Выставка в архиве
Андрей Полушкин
Вирус декоративности
Мы проспали беду, промотали чужое наследство,
жизнь подходит к концу, и опять начинается детство.
Пахнет мокрой травой и махорочным дымом жилья.
Продолжается детство без нас, продолжается детство,
возвращается боль, потому что ей некуда деться,
возвращается вечером ветер на круги своя.
Александр Галич
Перешедшие Лету утрачивают память. Переживания, чувства, идеи, мечты — всё растворяется, словно дым. Остаются лишь пустые оболочки личностей на старых пожелтевших фотографиях. Сухая змеиная кожа на берегу.
Я рассматриваю снимки из коллекции Музея истории фотографии. Обычные портреты из семейных альбомов, снятые на память, для себя или в подарок близким. Незнакомые лица, незнакомые люди, напряжённые позы — ничего, что могло бы затронуть лично, заинтересовать человека, не связанного с персонажами родственным узами…

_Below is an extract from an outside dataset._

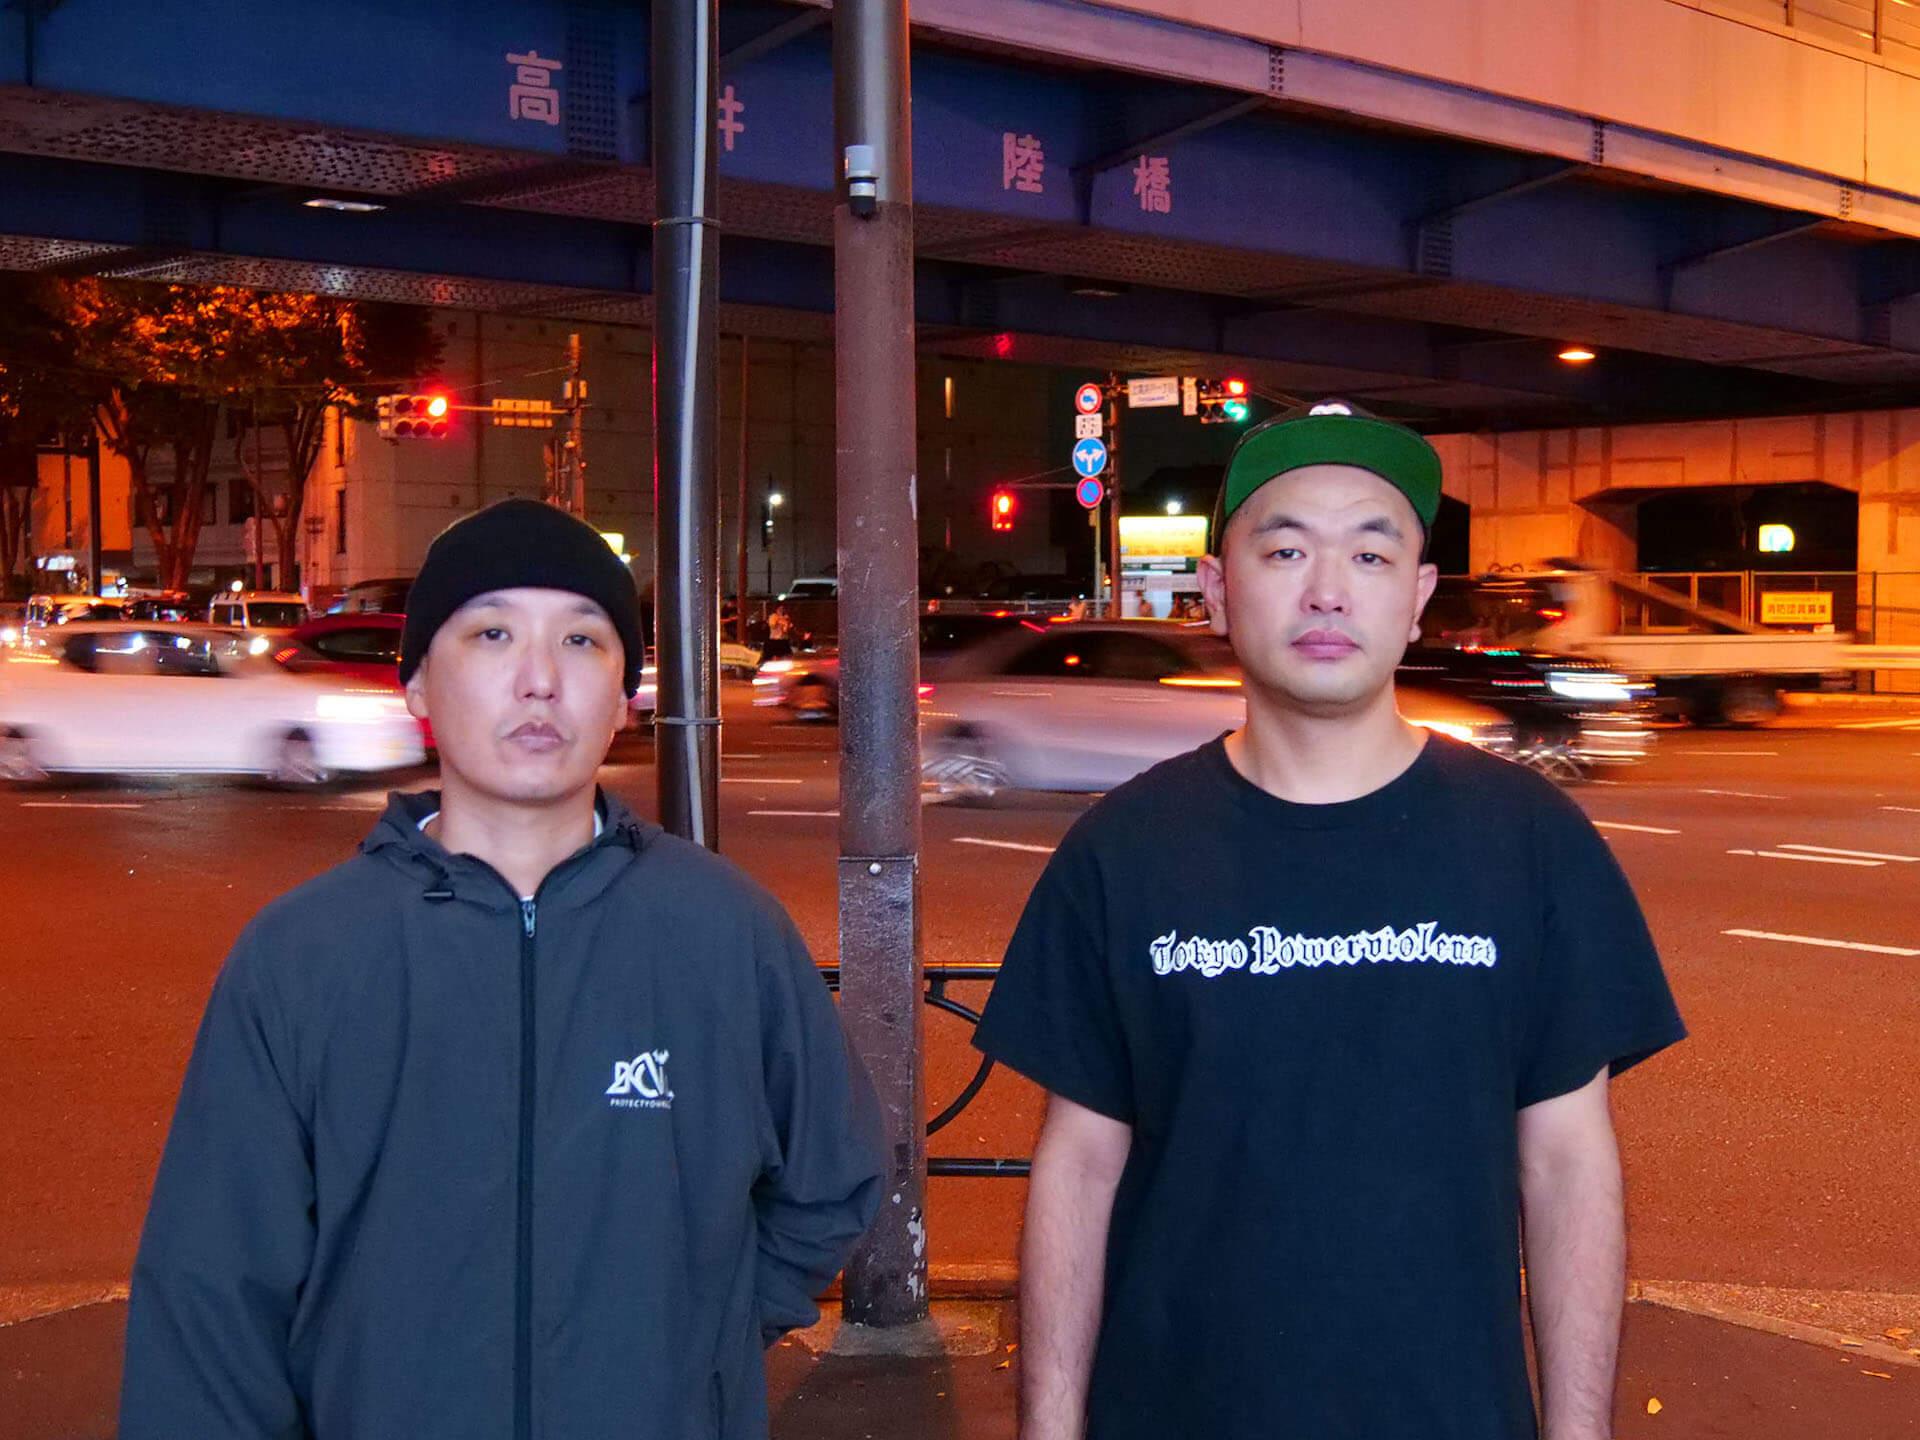 D.U.O TOKYOのERA&DJ HIGHSCHOOLによるシングル『Daily Tales』がリリース決定!客演にはROCKASEN・TONAN、OS3が参加 3a390fa29b6017fe43974ac22cdb8e55

Но что-то продолжает жить и пульсировать, законсервированное в них. Стоит лишь сделать шаг в сторону, изменить угол зрения, повернуть свой хрусталик внимания другой гранью и оно станет доступно. Сначала робко, крадучись, словно росток вьюнка, нащупывая в тебе точки-зацепки… «Валентине Петровне от Анастасии с супругом на добрую память о совместно прожитых днях». Потом всё уверенней и напористей… «Дорогой доченьке, с надеждой на скорую встречу». И вот уже спадает пелена, сквозь трещины заасфальтированного фотографического кладбища пробивается весенняя трава. Личностный панцирь становится иллюзорным, а иллюзорное обрастает плотью. И сквозь твое сердце и мозг тянет свою тонкую сеть мицелий чужих историй.

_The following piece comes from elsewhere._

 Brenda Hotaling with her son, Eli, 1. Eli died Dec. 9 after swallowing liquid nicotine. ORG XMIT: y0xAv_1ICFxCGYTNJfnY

Лотман утверждает, что «с точки зрения семиотики, культура представляет собой коллективный интеллект и коллективную память, т. е. надындивидуальный механизм хранения и передачи некоторых сообщений (текстов) и выработки новых. В этом смысле пространство культуры может быть определено, как пространство некоторой общей памяти, т. е. пространство, в пределах которого некоторые общие тексты могут сохраняться и быть актуализированы. При этом актуализация их совершается в пределах некоторого смыслового инварианта, позволяющего говорить, что текст в контексте новой эпохи сохраняет, при всей вариантности истолкований, идентичность самому себе.»
Два года назад, когда я впервые почувствовал определенные пульсации этой темы, которые уже не могли быть проигнорированы, передо мной встал вопрос выбора акцента и адекватного ему языка. Возможный диапазон простирался от создания неких плакатных слепков, в которых была бы сконцентрирована и обобщена историческая суть определённого десятилетия, до попыток создать в каждой картинке альтернативное время личных переживаний, образующее аномальные завитки в равномерной хронологии времени общественного. Воспринятый материал, требующий ретрансляции, транслируется соответственно техническим характеристикам транслятора. Поэтому я просто не мог говорить с позиций исторический и социальных. Меня это не трогало, не задействовало, не находило отклика. Лишь в разговоре о тех периодах истории, когда время чрезмерно социализировалось, и диктат общественных эманаций настолько глубоко пронизывал ткань времени, что откладывал неминуемый отпечаток на область личных переживаний, я позволял себе вплетать символы этого диктата во внутренний строй изображения. В работе над этой серией меня в первую очередь интересовали человеческие межличностные отношения, эмоции, переживания, и именно их я старался выразить в визуальной форме. Грубо говоря, важность черного отверстия барсучьей норы, найденной маленьким мальчиком Сашей Матросовым рядом с детским домом, и сопутствующие этому шелест осенней листвы и запах близлежащего болотца, для моего мироощущения намного значительней его героического спонтанного броска на чёрную дыру пулемётного гнезда.